Taiwan Semiconductor Manufacturing (TSMC) is positioning itself as a pivotal player in the ongoing artificial intelligence (AI) boom, tapping into soaring demand for advanced chip manufacturing. Currently, Nvidia dominates the AI accelerator market, holding an estimated 85% to 92% share. However, as major cloud providers seek cost reductions and scalable solutions, many are transitioning towards custom chips and specialized computing systems. Despite the shift, the majority of advanced AI chips still rely on TSMC for manufacturing, making it an integral part of the AI ecosystem.
AI infrastructure spending is projected to reach approximately $660 billion by 2026, further fueling TSMC’s growth. In the first quarter of this year, TSMC reported revenue of $35.9 billion, marking a nearly 39% increase year-over-year, while its gross margin rose by 3.9 percentage points to 66.2%. This upward trajectory reflects not only the strong demand for AI-related chips but also the company’s robust business model.
The expansion of AI infrastructure is increasingly hampered by manufacturing and packaging bottlenecks. TSMC’s CoWoS packaging technology, which connects processors with high-bandwidth memory, is currently in limited supply. With the company controlling roughly 72% of the pure-play foundry market and over 90% of leading-edge chip production, it stands at the center of the existing supply-demand imbalance, giving it significant pricing power.
Strategic Position in the Market
Unlike chip designers, TSMC does not compete to create the most advanced AI chip. Instead, it provides the essential manufacturing capabilities that allow companies like Nvidia, Advanced Micro Devices, and Broadcom to produce their custom chips. This manufacturing process requires close integration with the foundry and can take years, making it difficult for customers to switch suppliers once production begins. Currently, advanced nodes, specifically those at 7 nanometers and below, account for approximately 74% of TSMC’s wafer revenues.
To maintain its leadership in advanced chip manufacturing, TSMC plans a substantial increase in capital expenditures, estimating between $52 billion and $56 billion for 2026, largely aimed at expanding its leading-edge nodes and advanced packaging capacity. Analysts project TSMC’s revenue to grow from around $163.9 billion in 2026 to nearly $204.4 billion in 2027, $249.4 billion in 2028, and approximately $311.5 billion by 2030. These figures suggest that TSMC could nearly double its revenue within a four-year span, reflecting its crucial role in the AI landscape.
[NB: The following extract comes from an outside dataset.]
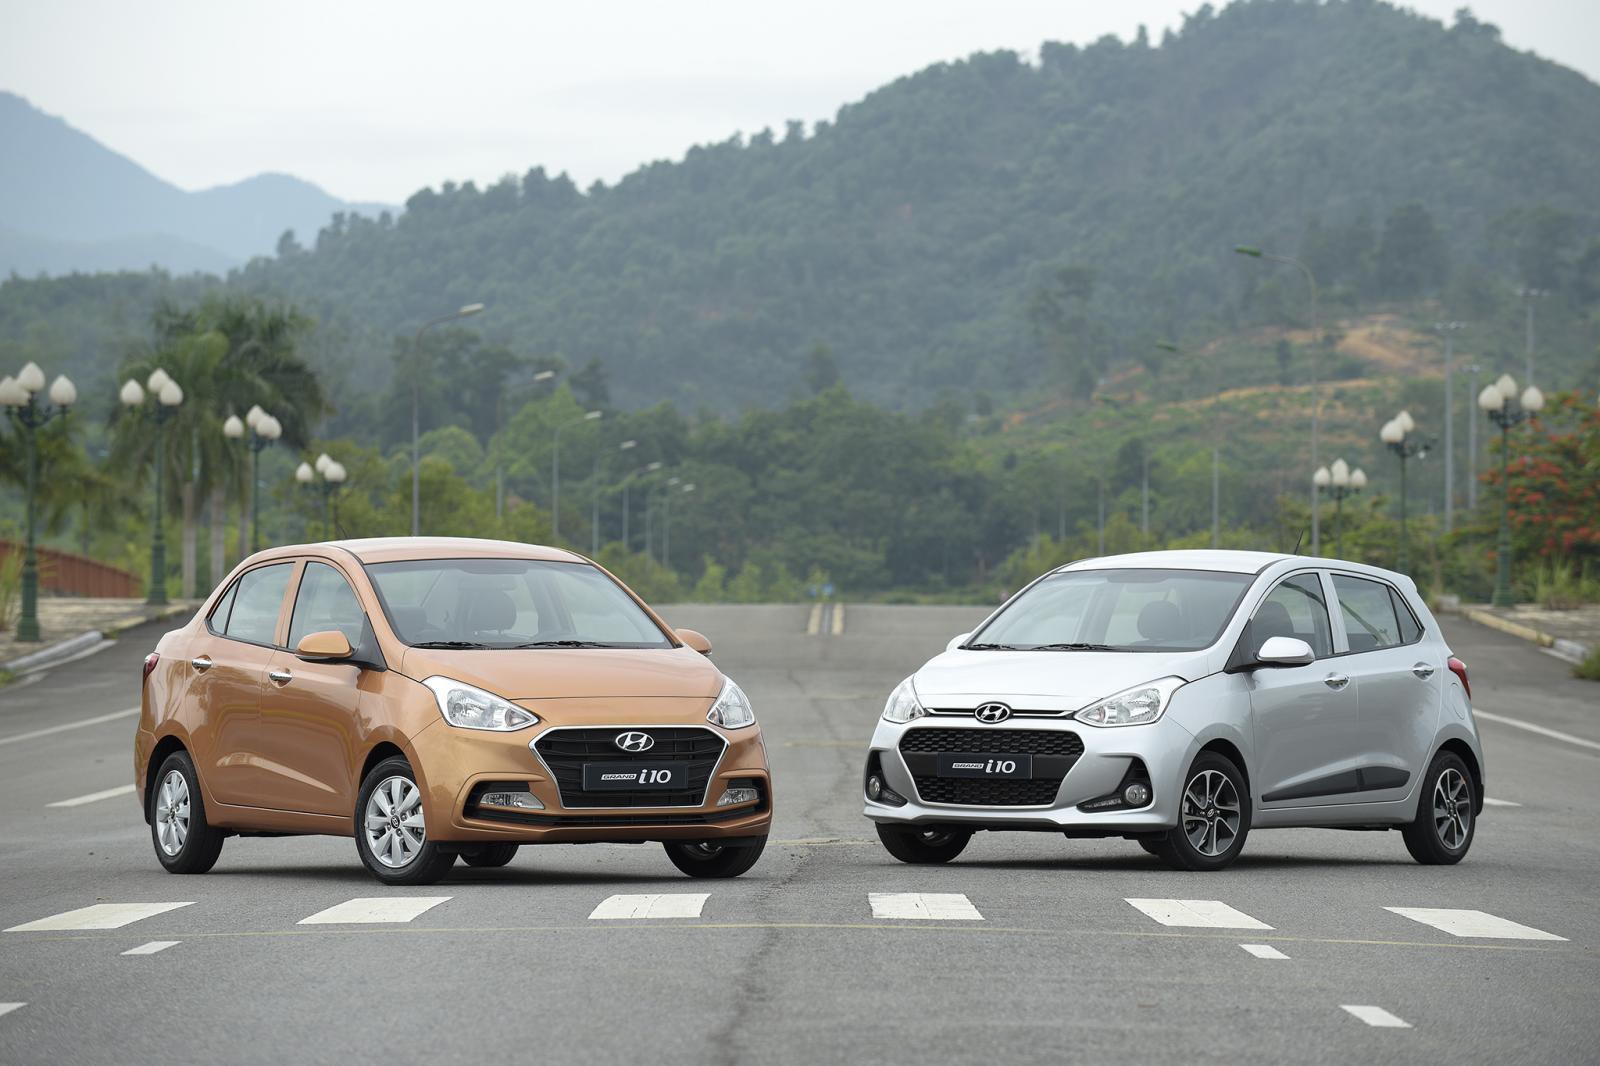 Doanh số xe Hyundai tháng 8/2019 giảm nhẹ so với tháng trước, Grand i10 dẫn đầu bảng 1a
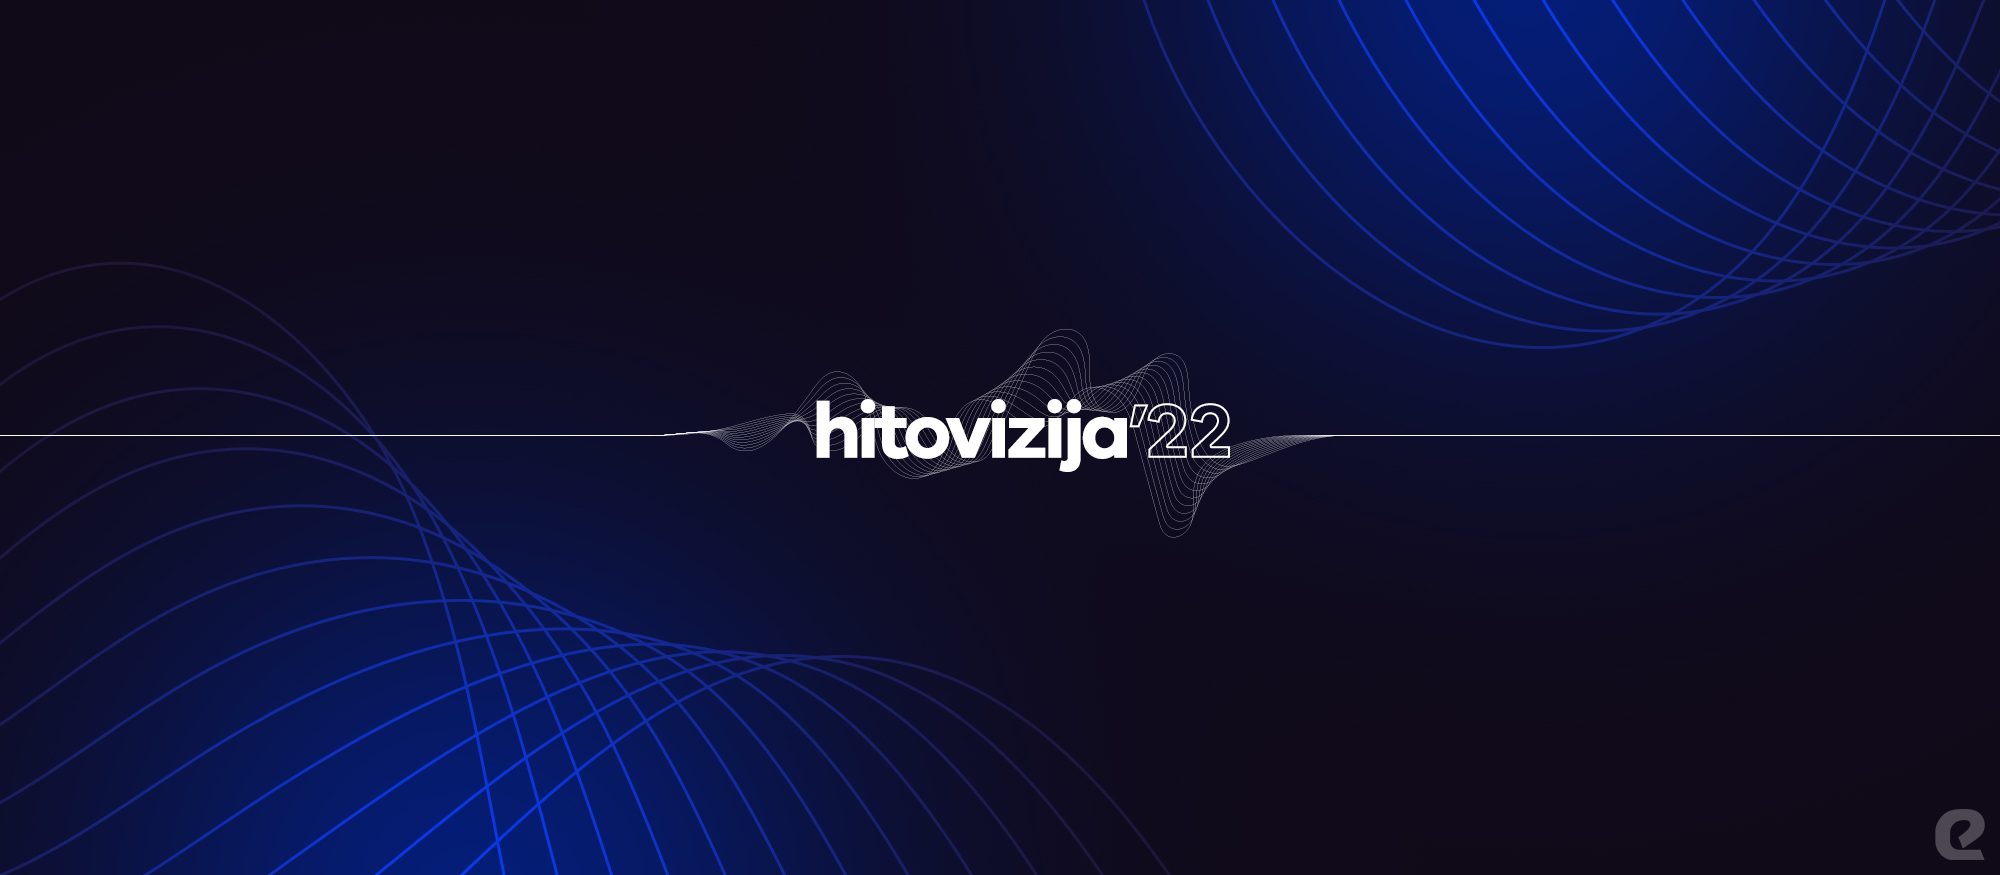 Logo projekta Hitovizija u kojem se prisjećamo hitova nacionalnih izbora eurovizijske sezone 2022.

While TSMC’s trajectory may not mirror Nvidia’s rapid ascent in the AI accelerator market, its growth is less reliant on a single product cycle and more on the gradual expansion of AI infrastructure. As such, TSMC’s stock is increasingly viewed as a core investment avenue in the AI sector. If AI spending continues to rise at current rates, TSMC could secure a position as essential to AI investing as Nvidia is today.